Five summers ago, while hanging out at the annual Riverton car show that Becker’s club hosts, some bystanders saw Lawson’s Tesla and told him he should try it in the autocross race the next day.
Lawson did very well, and kept with it.
He now visits autocross races around the country, including the Holley High Voltage electric-only race in California.
Electric vehicles are required to make noise as a safety provision for pedestrians. Most have a faint, whispery whine.
To Lawson, Dodge’s efforts to emulate the gas-powered roar is “funny” and to some, it’s seen as hypocritical – since authorities banned Tesla from marketing a slew of “silly” sound effects such as “ice cream truck” and “horse.”
“A lot of people in the Tesla community are upset Dodge is putting out this big noisemaker and that’s OK, but putting silly sounds in a car is not,” he said.
Yet, Lawson theorized, the noisemaker may help reluctant consumers transition to the electric Charger.

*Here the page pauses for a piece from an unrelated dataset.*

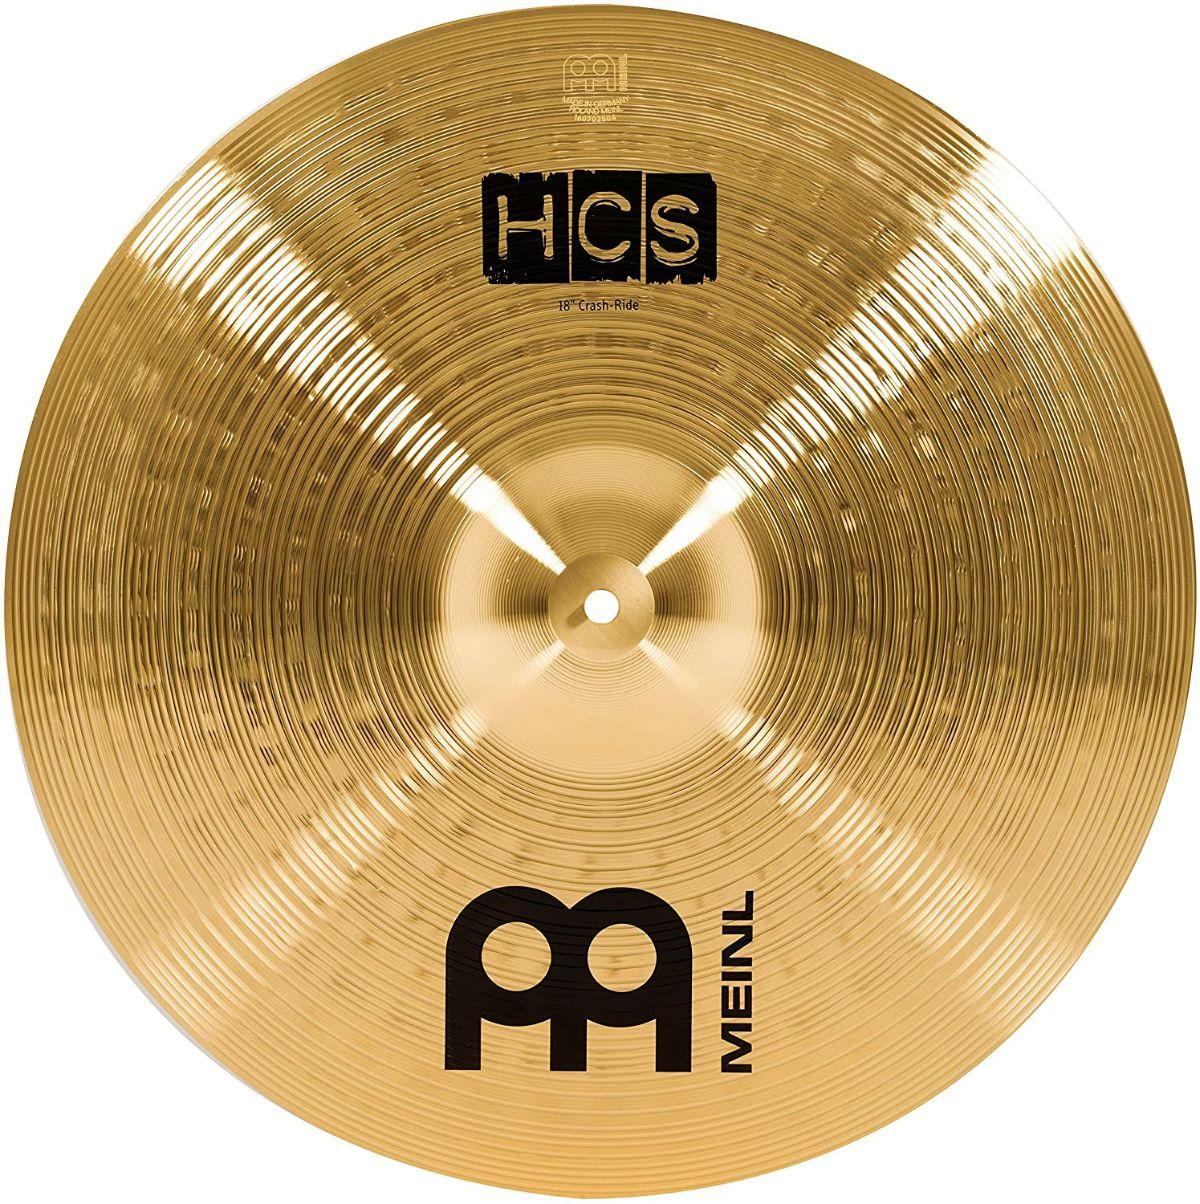 "Meinl HCS 18"" Crash Ride Cymbal"

Lawson is not sentimental about combustion noises.
“I’d prefer the dead silent. That’s cool to me,” he said.
Other than replacing suspension, tires, or other non-motor components, a car owner doesn’t have the same ability to enhance, or “soup up” a car with the electric engine.
But many can order an upgrade, said Lawson. And some people can hack the system.
“There are hackers that have figured out ways of modifying the software with external boxes and things that unlock the hidden power within the vehicle,” he added.
The cars also have a mind of their own. In the new Tesla, door handles “don’t exist. It just opens when you get near it,” said Lawson.
The car also decides when to go backward or forward, depending on the surroundings.
“They’re getting close to that point where somebody would not have to pay attention (while driving),” he said.